Interestingly enough, when considering not just the set of "typical" or "known" substances, but the vastly larger amount of all possible compounds, almost all pure substances do not have a thermodynamically stable liquid state or gaseous state. To become a liquid, a molecule must gain enough energy to set itself loose from the tug of its neighbours in the solid state. Typically intermolecular forces are fairly weak, and so for simple molecules this energy can be provided at relatively low temperatures.
However, there is no upper bound on how strong the intermolecular forces between two molecules can become; just take an enormous molecule. Even with relatively weak intermolecular interactions between each atom, when summed up across a huge molecule, the required energy becomes vast.
Combine this with the fact that, thanks to combinatorics, almost all possible substances are composed of massive molecules (in a chemical analogue of the frivolous theorem of arithmetic). For example, there are only five possible distinct substances with the formula $\ce{C6H14}$, but over a trillion trillion trillion trillion ($10^{48}$) distinct molecules with formula $\ce{C120H242}$.
The conclusion is that almost certainly the molecules would decompose (breakage of covalent bonds) well before getting close to the extremely high temperatures needed to produce a true liquid state.

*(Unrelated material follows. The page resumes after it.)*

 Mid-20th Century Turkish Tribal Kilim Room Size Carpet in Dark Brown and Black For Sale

Therefore, there should be many, many examples to choose from. A heavy-handed example would be maitotoxin (or many other natural products). Though the theoretical melting point would be very high, the presence of all those hydroxyl groups suggests it would decompose by dehydration around ~200 °C, as is typical of polyols (I'm sure it would actually decompose much sooner).
In the same polyol vein, a much more relatable example would be sucrose (sugar). In the strict thermodynamic sense, sugar doesn't actually melt when heated on a stove. The clear colourless syrup that's formed is actually the first step in caramelization, the complicated thermal decomposition of sugar.

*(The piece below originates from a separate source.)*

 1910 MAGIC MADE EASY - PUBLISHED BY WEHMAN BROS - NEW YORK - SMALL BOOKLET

The above cases represent your first suggestion of possibilities. Polymers also fit, with the complication that artificial polymers are almost never actually pure substances but mixtures of very similar molecular chains, varying in size. Something like your last suggestion is interesting, but examples seem hard to provide. Perhaps dinitrogen pentoxide is close, due to its unusual transition between ionic and molecular forms.